=== WHAT YOU NEED TO DO ===
Find how many lines in the data below include the word "Italy", then write only that number.

---------- SUPPLIED ENTRIES

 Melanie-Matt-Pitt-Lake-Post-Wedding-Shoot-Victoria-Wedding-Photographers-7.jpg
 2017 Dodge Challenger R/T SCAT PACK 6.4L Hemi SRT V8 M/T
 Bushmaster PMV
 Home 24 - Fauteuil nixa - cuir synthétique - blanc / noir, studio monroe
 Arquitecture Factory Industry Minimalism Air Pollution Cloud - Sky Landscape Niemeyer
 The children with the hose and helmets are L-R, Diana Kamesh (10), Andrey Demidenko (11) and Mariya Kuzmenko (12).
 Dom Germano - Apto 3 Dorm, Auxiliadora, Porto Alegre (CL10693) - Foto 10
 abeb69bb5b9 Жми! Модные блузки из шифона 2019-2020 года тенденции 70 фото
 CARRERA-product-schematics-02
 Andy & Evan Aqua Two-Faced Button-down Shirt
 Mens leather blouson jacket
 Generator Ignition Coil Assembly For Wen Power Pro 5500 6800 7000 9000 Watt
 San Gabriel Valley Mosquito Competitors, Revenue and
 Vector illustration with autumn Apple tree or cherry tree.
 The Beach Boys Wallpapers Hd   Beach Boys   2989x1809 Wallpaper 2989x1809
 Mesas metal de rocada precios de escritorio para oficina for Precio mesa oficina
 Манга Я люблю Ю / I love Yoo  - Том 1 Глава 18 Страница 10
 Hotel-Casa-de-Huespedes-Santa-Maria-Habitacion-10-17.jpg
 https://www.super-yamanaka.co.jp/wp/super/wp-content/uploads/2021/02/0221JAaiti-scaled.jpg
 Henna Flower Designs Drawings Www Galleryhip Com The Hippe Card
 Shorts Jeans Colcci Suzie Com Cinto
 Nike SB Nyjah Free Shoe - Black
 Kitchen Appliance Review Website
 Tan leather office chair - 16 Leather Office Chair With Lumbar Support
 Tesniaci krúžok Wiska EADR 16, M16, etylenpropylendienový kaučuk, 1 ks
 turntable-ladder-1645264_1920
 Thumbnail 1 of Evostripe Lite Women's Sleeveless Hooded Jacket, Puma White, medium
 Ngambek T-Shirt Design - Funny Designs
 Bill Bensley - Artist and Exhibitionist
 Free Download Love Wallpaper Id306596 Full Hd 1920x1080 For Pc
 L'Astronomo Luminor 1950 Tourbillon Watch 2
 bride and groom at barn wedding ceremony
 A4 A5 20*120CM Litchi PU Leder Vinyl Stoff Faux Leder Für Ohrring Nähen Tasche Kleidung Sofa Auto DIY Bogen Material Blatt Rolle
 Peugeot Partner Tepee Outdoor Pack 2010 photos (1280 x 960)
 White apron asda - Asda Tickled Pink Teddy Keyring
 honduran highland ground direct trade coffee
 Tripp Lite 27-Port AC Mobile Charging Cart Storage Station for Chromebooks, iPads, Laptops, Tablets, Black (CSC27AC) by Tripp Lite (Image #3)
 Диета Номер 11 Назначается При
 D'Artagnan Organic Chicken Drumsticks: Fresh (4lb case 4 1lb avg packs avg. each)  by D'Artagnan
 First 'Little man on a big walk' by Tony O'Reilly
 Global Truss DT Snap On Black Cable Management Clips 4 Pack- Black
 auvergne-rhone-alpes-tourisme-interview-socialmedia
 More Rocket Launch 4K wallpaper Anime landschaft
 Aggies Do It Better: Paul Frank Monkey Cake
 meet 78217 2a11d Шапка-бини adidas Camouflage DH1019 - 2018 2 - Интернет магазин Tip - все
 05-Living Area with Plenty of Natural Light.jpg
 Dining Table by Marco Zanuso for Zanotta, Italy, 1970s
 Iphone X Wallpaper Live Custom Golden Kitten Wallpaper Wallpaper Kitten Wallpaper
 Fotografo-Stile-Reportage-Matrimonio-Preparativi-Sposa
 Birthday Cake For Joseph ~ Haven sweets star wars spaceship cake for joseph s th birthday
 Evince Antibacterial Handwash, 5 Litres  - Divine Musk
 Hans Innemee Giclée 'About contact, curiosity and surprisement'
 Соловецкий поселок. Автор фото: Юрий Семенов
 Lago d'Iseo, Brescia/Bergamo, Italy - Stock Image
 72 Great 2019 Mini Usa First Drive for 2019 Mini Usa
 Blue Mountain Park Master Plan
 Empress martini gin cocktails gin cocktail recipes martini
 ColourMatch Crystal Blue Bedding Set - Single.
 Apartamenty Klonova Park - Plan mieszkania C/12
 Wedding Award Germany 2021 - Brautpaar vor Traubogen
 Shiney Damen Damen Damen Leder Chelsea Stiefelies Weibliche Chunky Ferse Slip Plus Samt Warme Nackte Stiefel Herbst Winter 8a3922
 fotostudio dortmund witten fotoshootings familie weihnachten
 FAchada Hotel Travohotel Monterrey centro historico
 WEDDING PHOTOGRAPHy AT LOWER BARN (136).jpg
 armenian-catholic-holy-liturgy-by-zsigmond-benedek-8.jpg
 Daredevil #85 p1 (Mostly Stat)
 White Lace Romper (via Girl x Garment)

--------------------

=== SOLUTION FOR THIS TASK ===
2